The Royal Air Force Long Service and Good Conduct Medal is a medal awarded to regular members of the Royal Air Force in recognition of long service. It was instituted by King George V in 1919, the year following the establishment of the world's first independent air force. At first, the medal was awarded to Regular Force non-commissioned officers and airmen of the Royal Air Force. The award criteria were later relaxed to also allow the award of the medal to officers who had served a minimum period in the ranks before being commissioned. Since 2016, it is awarded to all regular members of the RAF, including officers who had never served in the ranks.

==Overview==
In the complex British honours system, there were distinct awards for officers and men for each service arm, Navy, Army and Air Force, and for each type of service, Regular Force or Reserve components. Regular Force officers were not eligible for any long service awards since, as they held a commission, they were expected to serve honourably and for a long period of time. Reserve Force officers were eligible for various long service decorations that granted them the use of post-nominal letters, while Reserve Force other ranks were eligible for various long service and good conduct medals, but without post-nominals.

==Institution==
The Royal Air Force - the world's first Air Force - was established on 1 April 1918 by the amalgamation of the Royal Flying Corps of the Army and the Royal Naval Air Service of the Navy. Regular Force other ranks of the new "junior service" had earlier been eligible for the award of either the Army Long Service and Good Conduct Medal or the Naval Long Service and Good Conduct Medal (1848), depending on their service of origin. In the year following the establishment of the Royal Air Force, on 1 July 1919, the Royal Air Force Long Service and Good Conduct Medal was instituted by King George V, and the first awards of the medal were announced in October 1919.

==Award criteria==
When it was instituted, the medal could be awarded to Regular Force Royal Air Force non-commissioned officers and airmen after eighteen years of unblemished service. The qualifying period was reduced to fifteen years with effect from 1 December 1977.

- Eligibility
An airman became eligible for the award of the medal upon completion of eighteen (later fifteen) years of reckonable service from the date of attestation or age 17½, whichever was later. However, there were a number of offences which would normally preclude award of the medal. Awards were only made after a thorough check of an airman's record of service. The award of the medal required the recommendation of the individual's commanding officer and it could therefore only be awarded to serving personnel.
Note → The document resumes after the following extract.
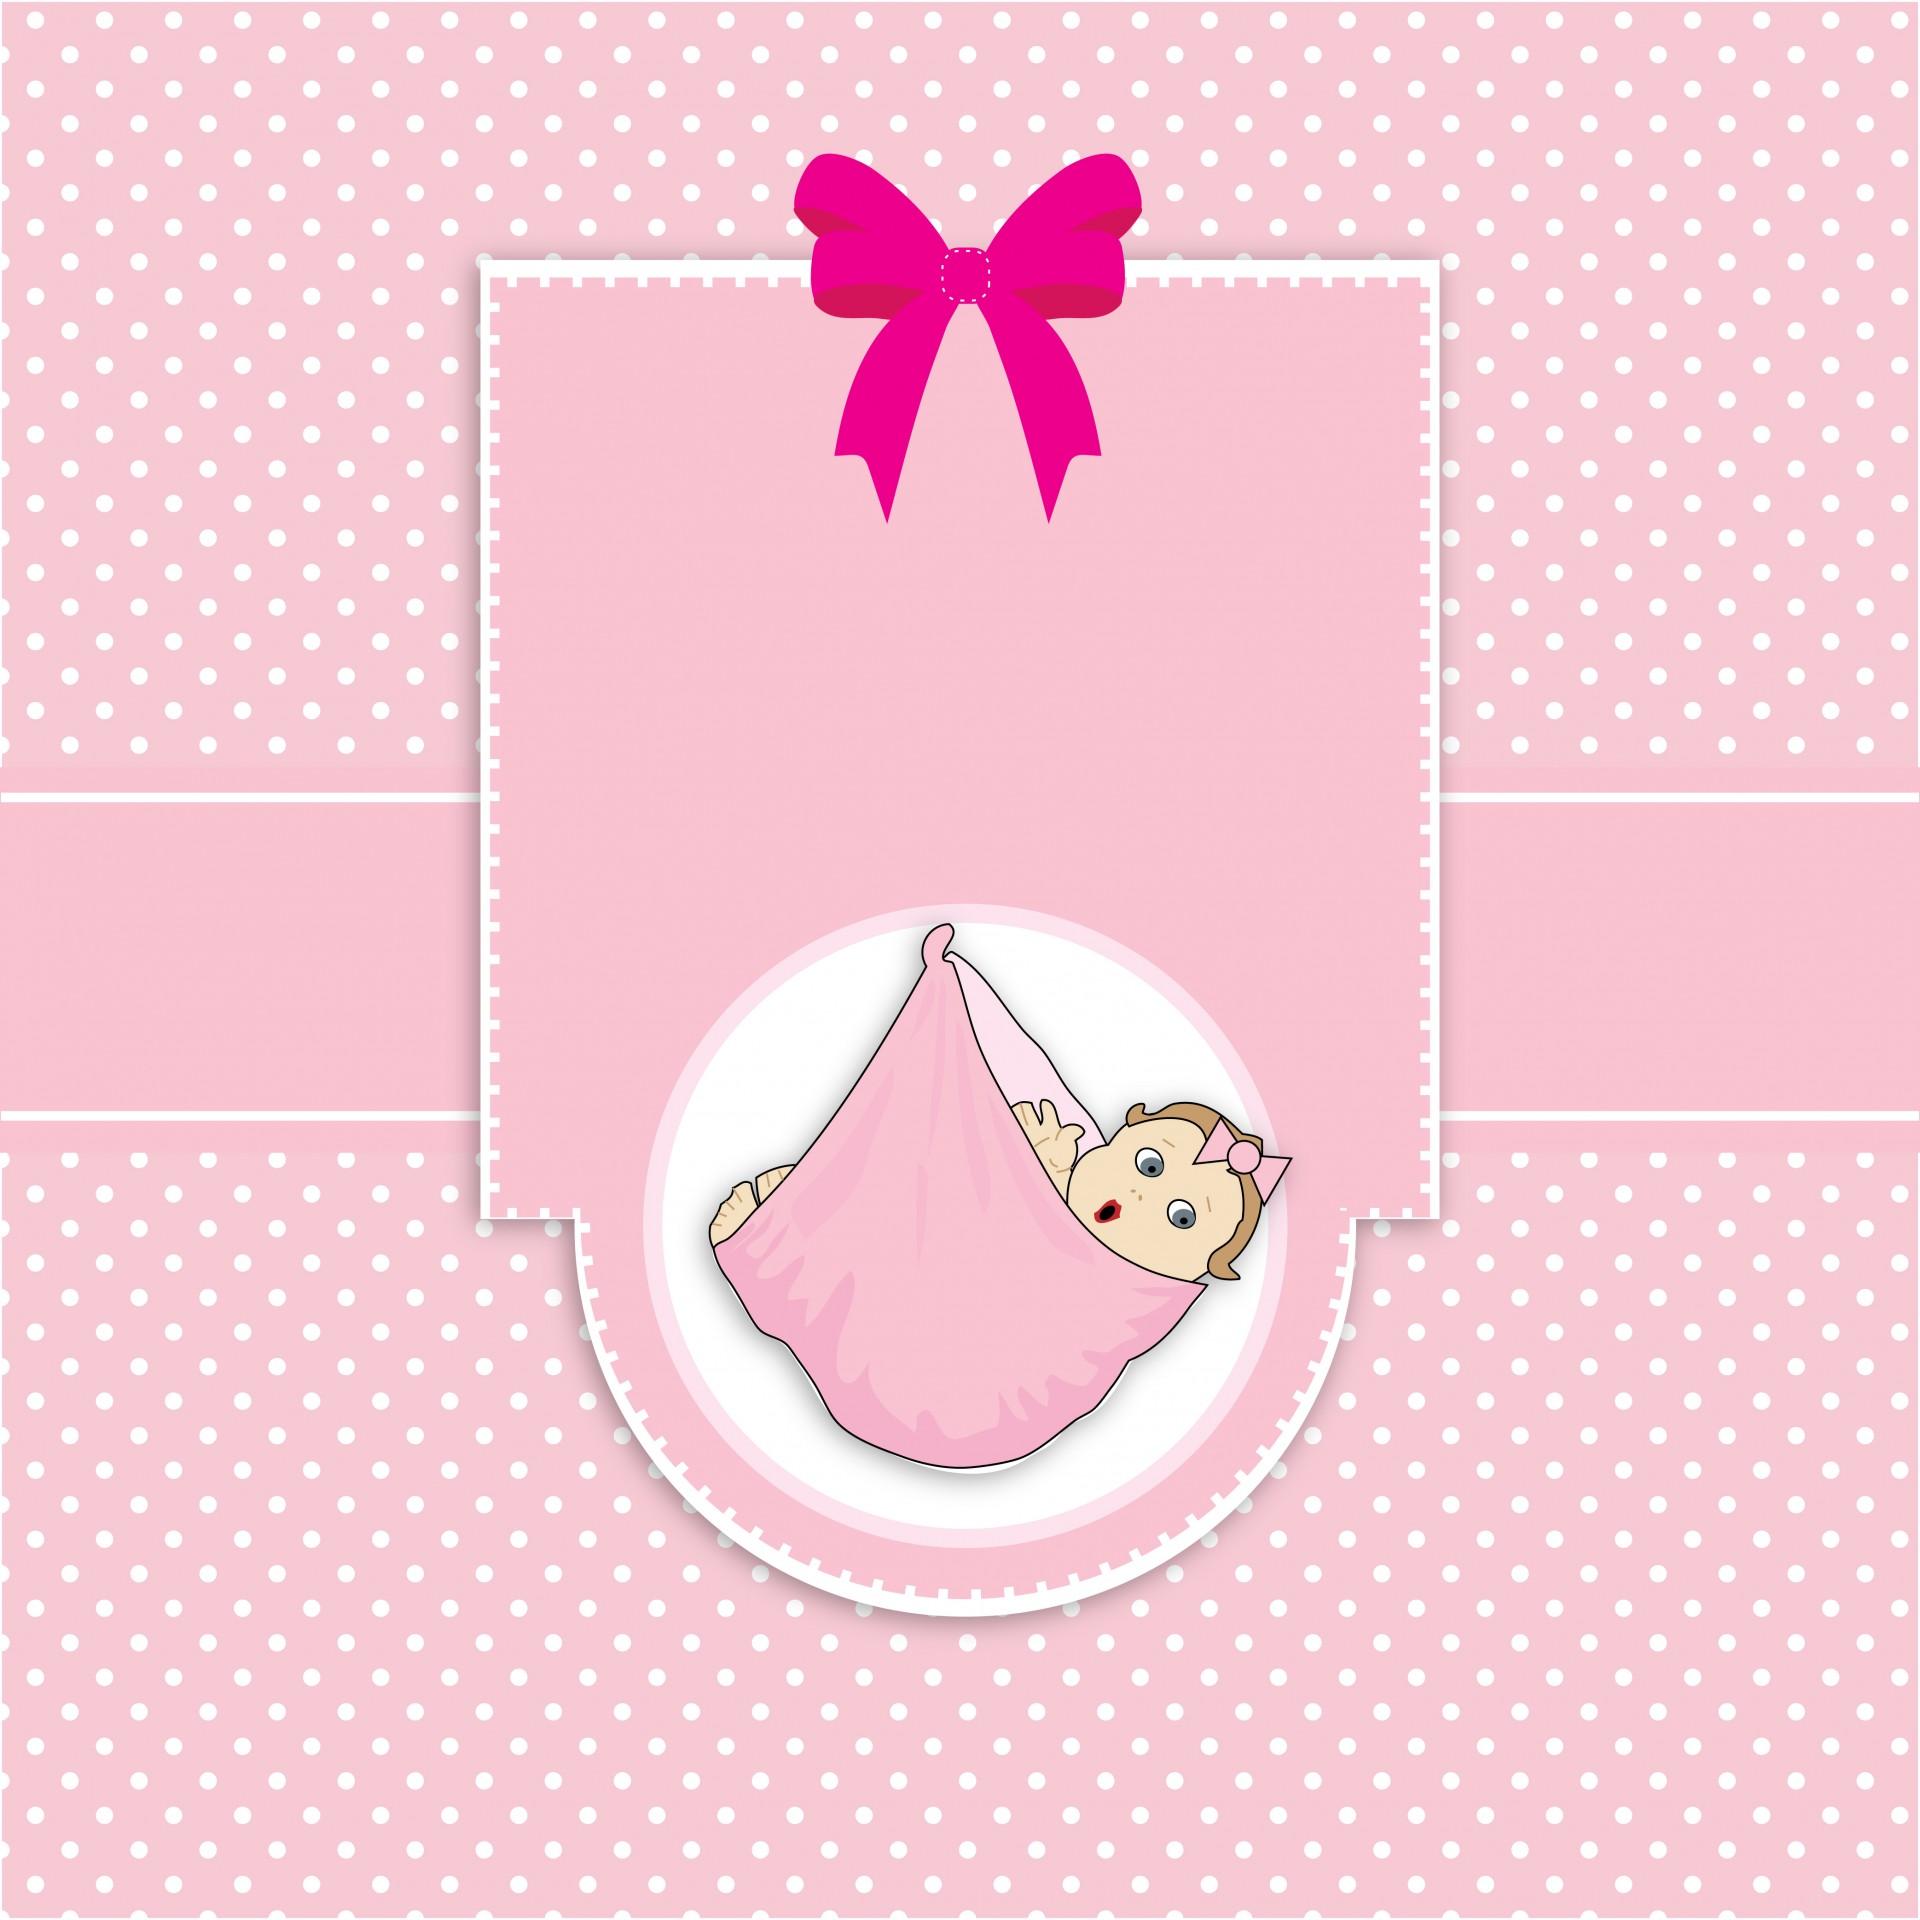 Смешные, шаблон открытки для новорожденной девочки

Prior to 1944 up to four years of the required total could have been earned in either the Royal Navy or British Army before the serviceman had transferred to the Royal Air Force. Prior to 1945 the medal could be awarded for distinguished service in wartime or emergency, without the time served or good conduct requirement having to be fulfilled.

- Clasp

From 1944 a clasp to the medal could be awarded for additional periods of eighteen (later fifteen) years of good service. As of 1 Oct 16, a clasp is awarded for each period of ten years of unblemished service.

- Officers
Regular Force officers were traditionally not eligible for any long service awards. From 1947, announced in AMO A576, Royal Air Force Officers also became eligible for the award of the medal, but only if at least twelve of the fifteen years of their service had been in the ranks and provided that the conduct requirements for the award of the medal had been met. Also from that date, an officer became eligible for the award of the clasp if at least twenty-two of the thirty years of his or her service had been in the ranks and provided that the conduct requirements had been met.

Effective from 1 October 2016, but with eligibility backdated to 29 July 2014, all Officers become eligible for the award, following 15 years service without any disciplinary records.

==Order of wear==
In the order of wear prescribed by the British Central Chancery of the Orders of Knighthood, the Royal Air Force Long Service and Good Conduct Medal takes precedence after the Royal Air Force Meritorious Service Medal (1918–1928) and before the Medal for Long Service and Good Conduct (Ulster Defence Regiment).

==Description==
The medal was struck in silver and is a disk, 36 mm in diameter.

- Obverse
The obverse of the medal shows the effigy of the reigning monarch, King George V, on the first version. Two versions of the medal each were produced during the reigns of King George VI and Queen Elizabeth II.

- Reverse
The reverse of the medal remained unchanged through all versions of the obverse and bears the Royal Air Force eagle with outstretched wings, surmounted by the crown and with the inscription "FOR LONG SERVICE AND GOOD CONDUCT" around the circumference.

- Clasp
The Clasp bears the image of an eagle with outstretched wings, surmounted by the crown. In undress uniform a silver rosette on the ribbon bar denotes the award of the clasp.

- Ribbon
The ribbon is 32 millimetres wide with a 3 millimetres wide white band, a 13 millimetres wide dark blue band, a 13 millimetres wide crimson band and a 3 millimetres wide white band.

==Versions==

===King George V===
The first version of the medal has a raised rim and shows King George V bareheaded, facing left. It is inscribed "GEORGIVS V BRITT: OMN: REX ET IND: IMP:" around the perimeter. The initials "BM" on the truncation of the King's neck are those of the designer of the obverse, Bertram Mackennal, an Australian sculptor.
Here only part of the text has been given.